Etrafındaki konuşmalar gülüşmeler bir anda buğulandı. Kulakları tıkanmış gibiydi. Önündeki biradan bir yudum aldı.

Alex Doğum günlerinden nefret ederdi. Ona kalsa asla kutlamazdı. Doğduğu güne binlerce kez lanet etmişti zira. Onu dünyaya getirenler ona değer vermemişti. Eğer değer verseler bir kez beraber Doğum gününü kutlarlardı. Terk etmiş olmaları önemli değil. Alex onların yaşadığını bildiğini biliyordu. Bugün Alex'in doğumgününü olduğunu bildiklerini de biliyordu. Düşünceler kafasında yankılanıyor. Gittiği yerler yaşadıkları gözünün önüne geliyordu. Aniden etrafındaki sesler buğulandı. Sanki suyun altında gibi duyuyordu onları. Engel olamıyordu

Her şey yeniden gözlerinin önüne geliyordu.
Bir sabah uyanıyor ve etraftakilere bakıyor, hepsi aptalın Teki ordan , o soğuk duvarları renksiz iğrenç yere nefretten de öte bir duygu besliyor

Aniden şerit gibi değişiyor. Yaşlı huysuz mu huysuz bir adam. O iğrenç yerin görevlisi. Küçük çocuğu kulağından tutmuş bir yerlere sürüklüyor. Yine bir halt yemiş.

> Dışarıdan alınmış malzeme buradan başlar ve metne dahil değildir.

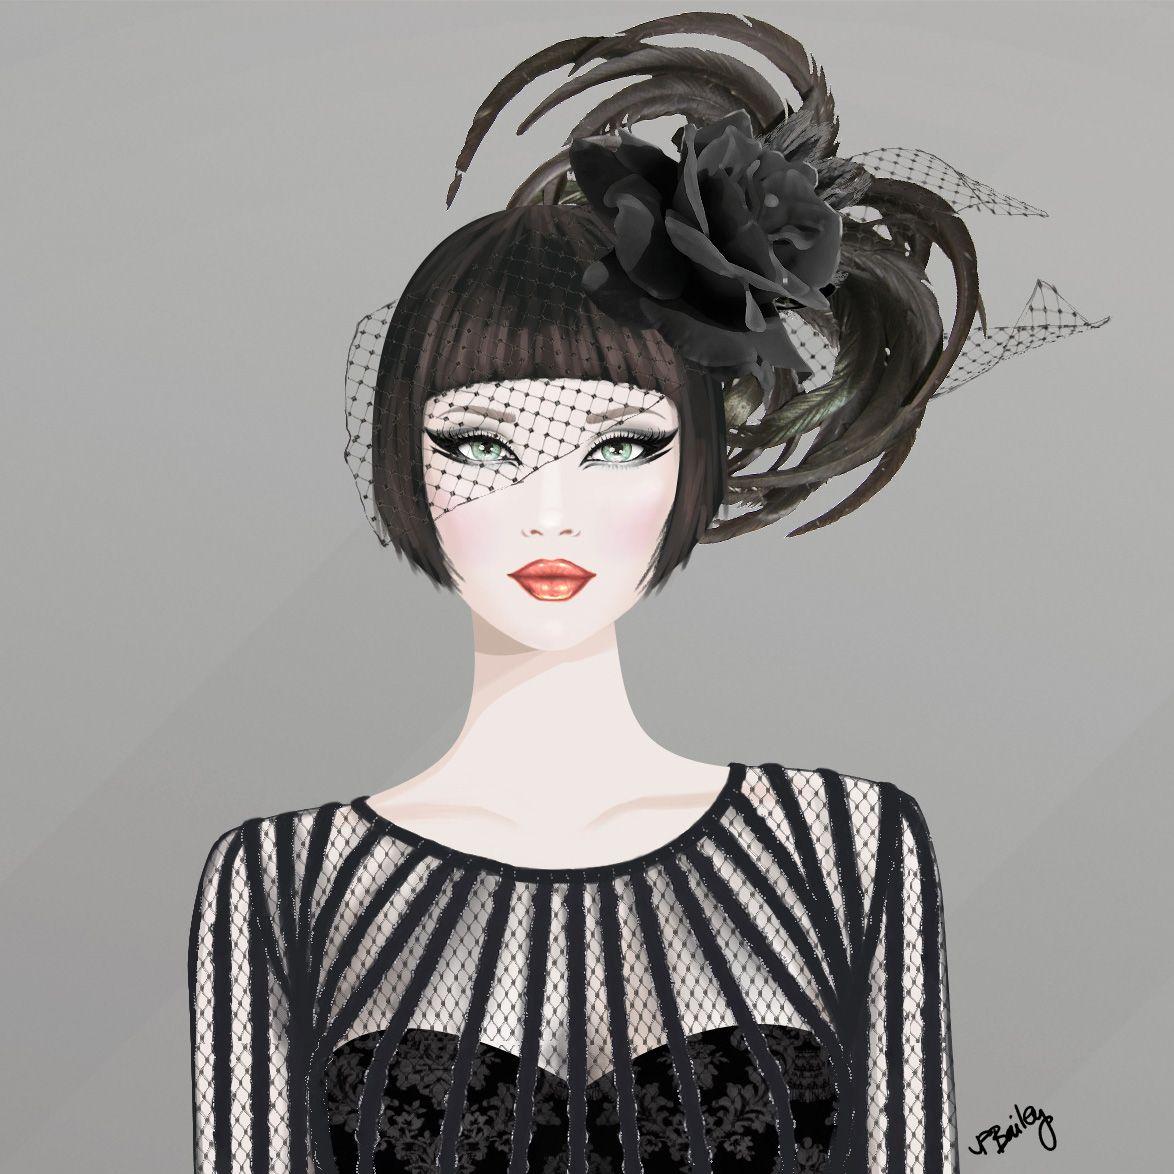 Pin On Art Illustration Inspiration 1
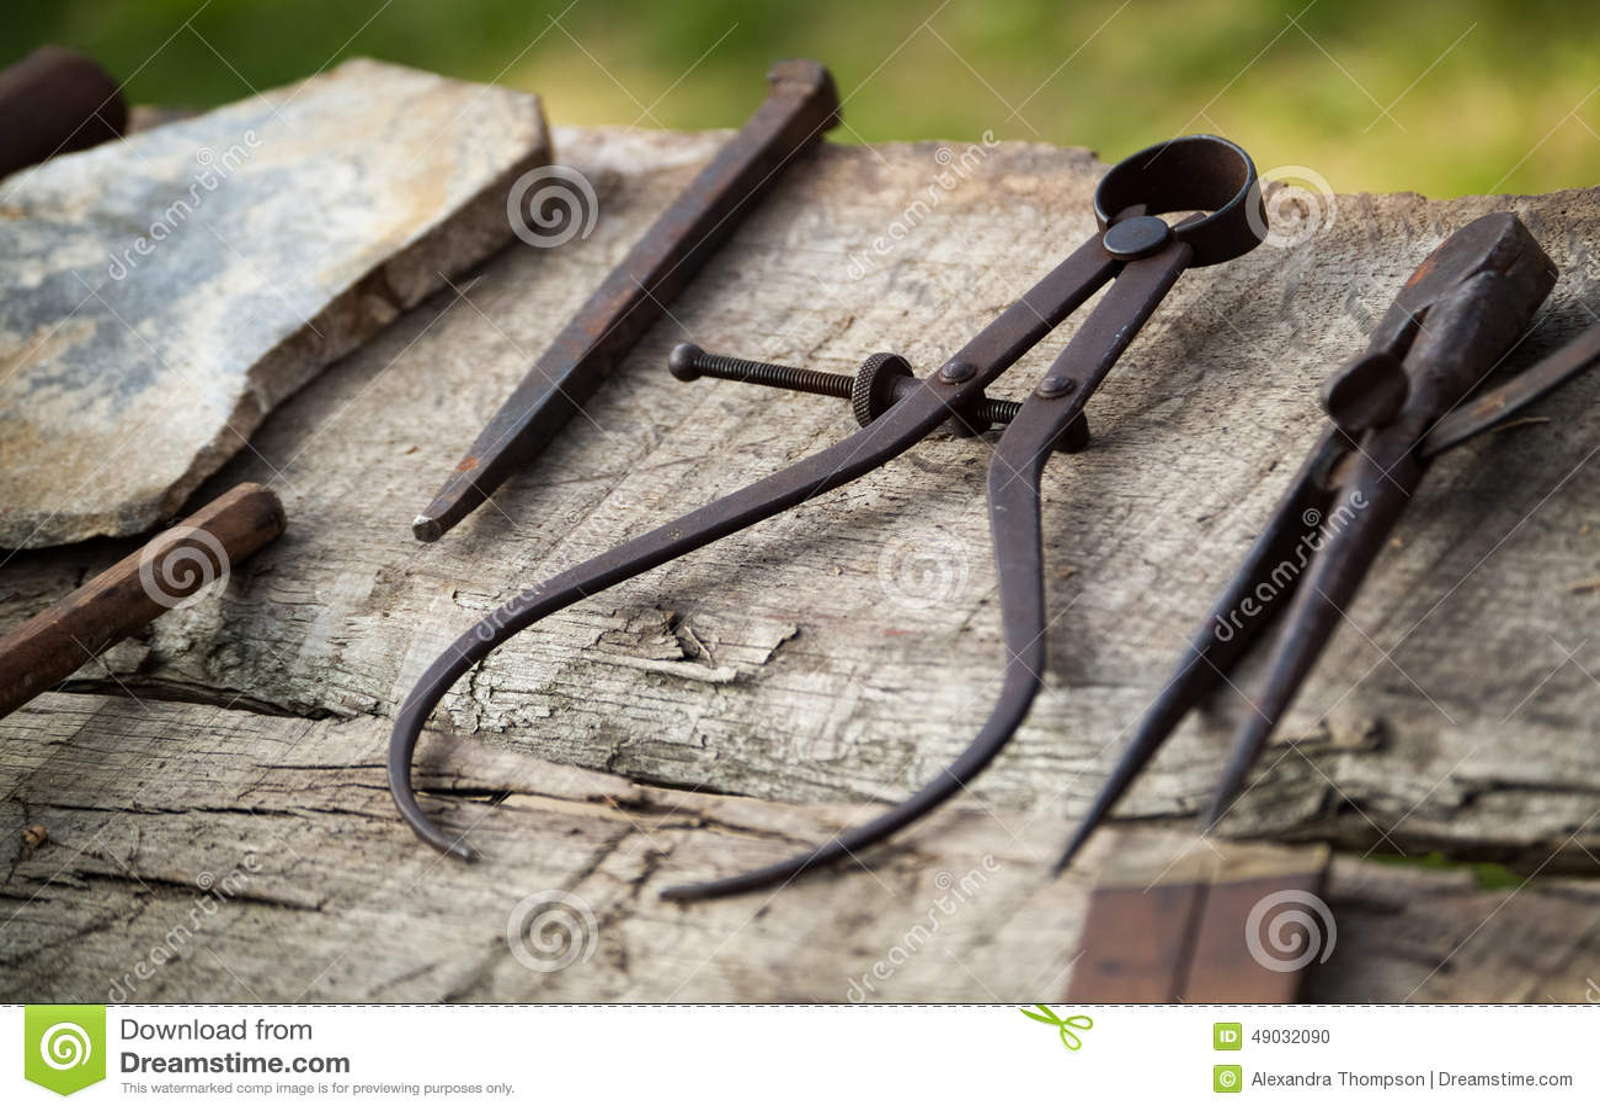 Carpentry Tools Stock Photo Image 49032090

Ve yine: bu sefer dışarda, ve orada mutlu. Soğuk ve karanlıktan zerre rahatsız değil. Çünkü onu canlı tutuyor. Ona karışan kimse yok.

Bu sefer başka bir yetimhanede. Ancak bu sefer sadece büyücülerin olduğu bir yer. kimse yok yanında yine tek başına hep olduğu gibi.

Ne bir Noel ne de bir Doğum günü hepsi tek başındaydı. Bazen sadece bir arkadaş istiyordu. Kendisi gibi. Hatta kendi gerçeklerinin farkına varmadan önce bunun için Tanrı'ya dualar bile etmişti

Gencecik yaşında dünyanın bütün boktan şeylerine şahit olmuştu. Maddeler, tuhaf insanlar, tuhaf sokaklar , tuhaf meslekler

Peki ya değmiş miydi. Onlarca şeyi yaşamak. Yalnızlığın insandaki nefes kesici baskısını hissetmek.

Gözlerini yanındakilere çevirdi. Sanarım biri yine bir espiri yapmıştı katıla katıla gülüyordu herkes. Onlara ufak bir tebessüm İle baktı. İşte yeniden başlıyordu. Kafasının içinde yine buğulu sesleri duyuyordu.

"Yani arkadaş mıyız"
Dedi oğlan gözlerini kocaman açmıştı. Kızıl saçlı kız ufak bir tebessüm ile kafasını salladı

Başka şeyler geliyordu.
Tek başına yürüdüğü zamanlardan birinde gözlüklü oğlan geliyor ve dostça kolunu oğlanın omzuna atıyor. Muhabbet etmeye başlıyor.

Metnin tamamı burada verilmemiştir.